Sun Microsystems has upgraded the Internet Archive to a capacity of 4.5 petabytes.

The archive has been recording a snapshot of all the information on the web every two months since 1997, storing it in a searchable online archive known as the Wayback Machine.

"The Internet Archive offers long-term digital preservation to the ephemeral internet," said Brewster Kahle, founder of the Internet Archive organisation.

"As more of the world's most valuable information moves online and data grows exponentially, the Internet Archive will serve as a living history to ensure that future generations can access and continue to preserve these important documents over time."

The entire system is installed in a single shipping container containing 63 Sun Fire x4500 servers running multi-core x86 processors. The system is run on Solaris 10 with ZFS.

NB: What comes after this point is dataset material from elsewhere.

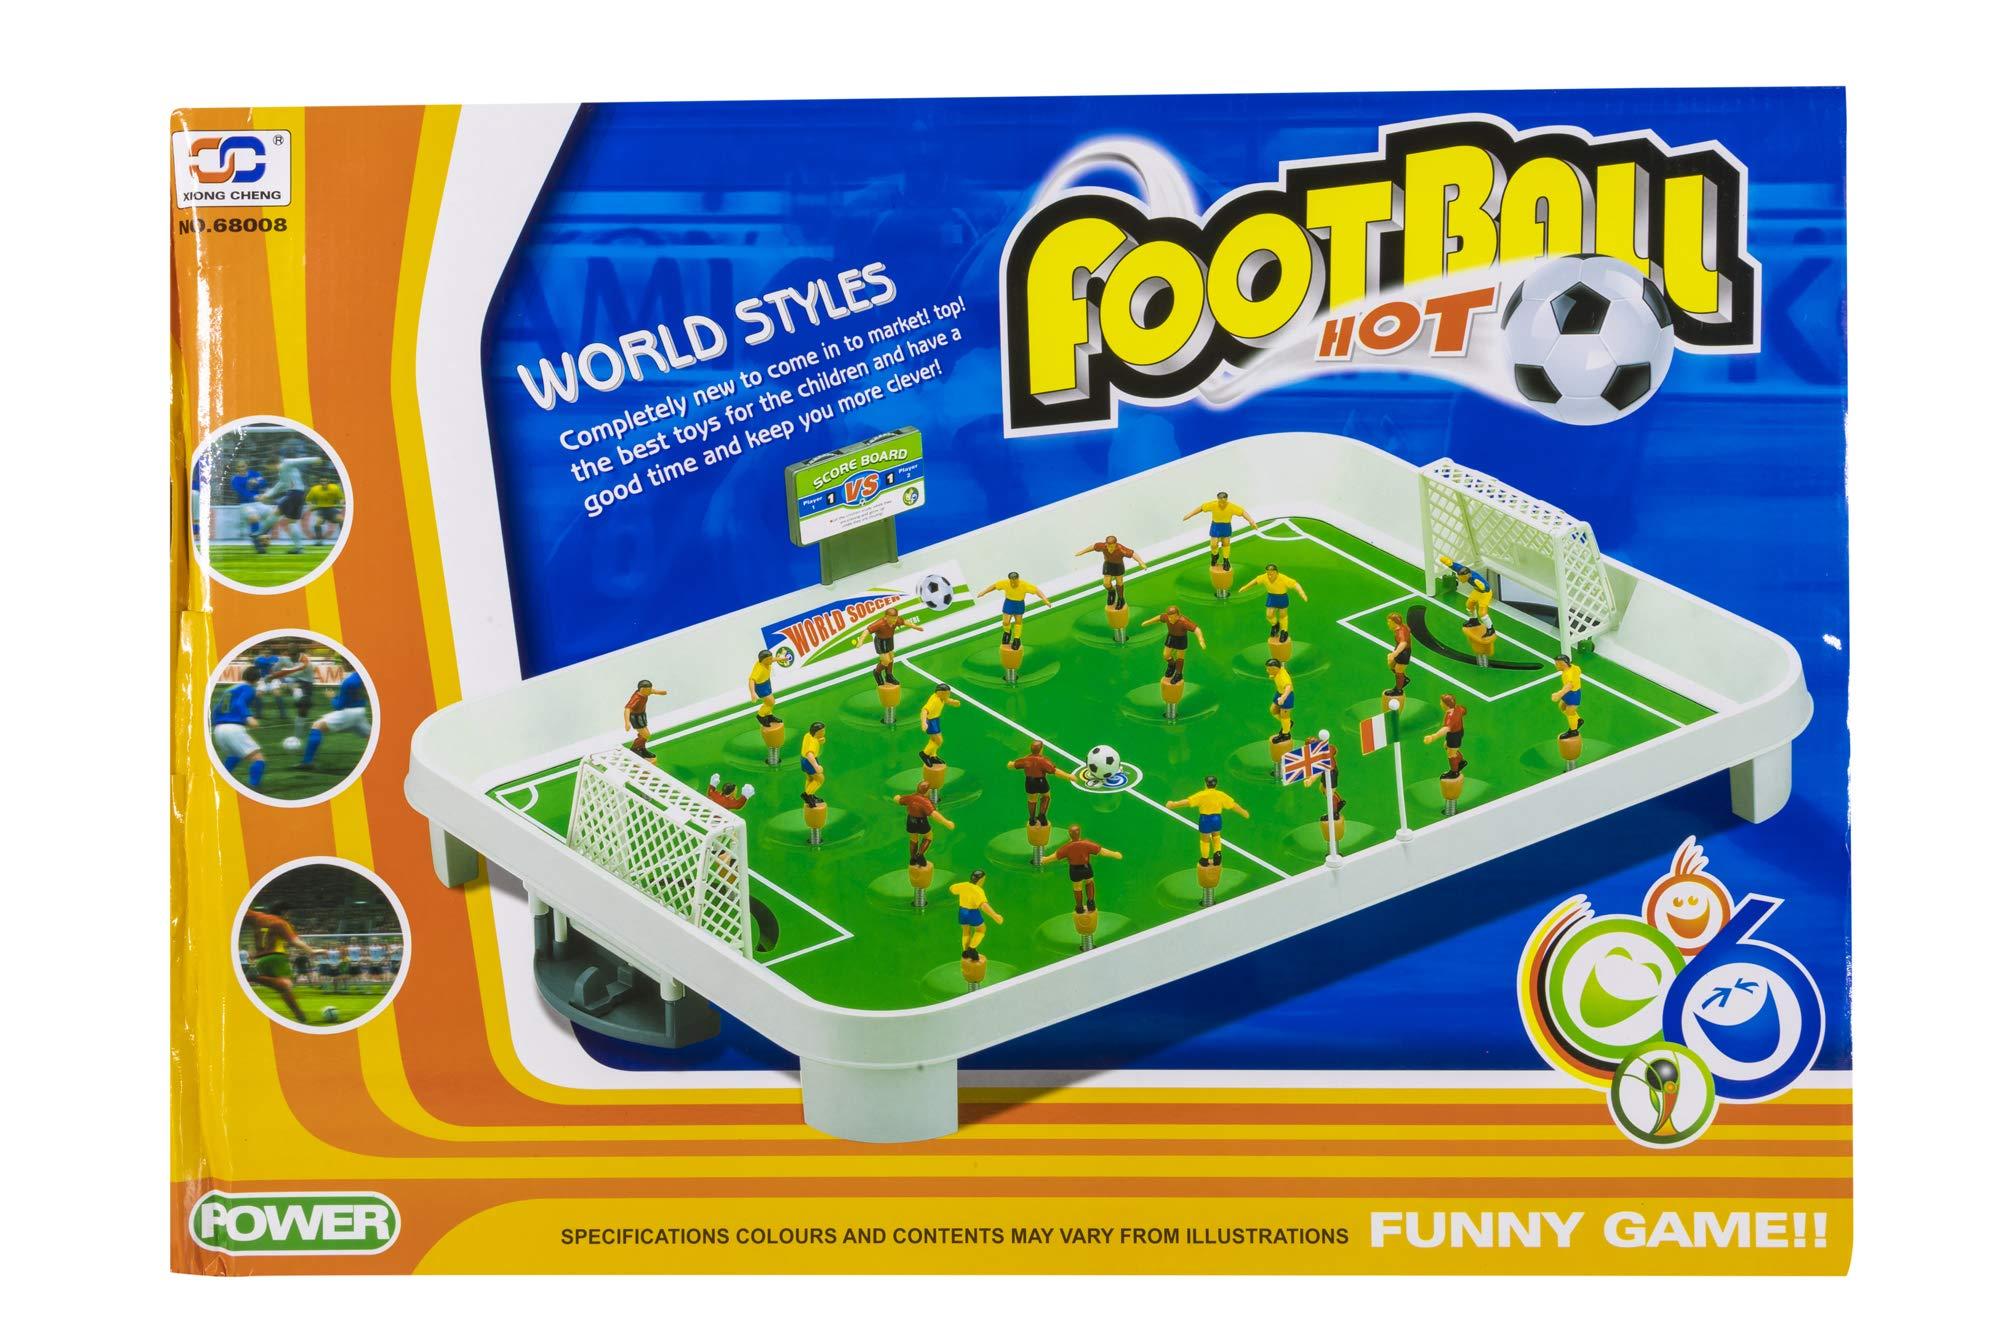 Toys Outlet Futbolin Muelles 53x27x13cm: Amazon.es: Juguetes y juegos

"We have worked closely with the Internet Archive to ensure that the right technology platform is in place to handle and manage growing amounts of the world's most valuable data, and that it lives on for future generations," said Dave Douglas, chief sustainability officer and senior vice president of cloud computing at Sun.

The Internet Archive is run from a site in the Presidion complex in San Francisco, and currently holds around three petabytes of data. This increases by around 100 terabytes each time the web is mirrored.

The information was held in an offsite datacentre, and Sun will now host the container on its Santa Clara campus.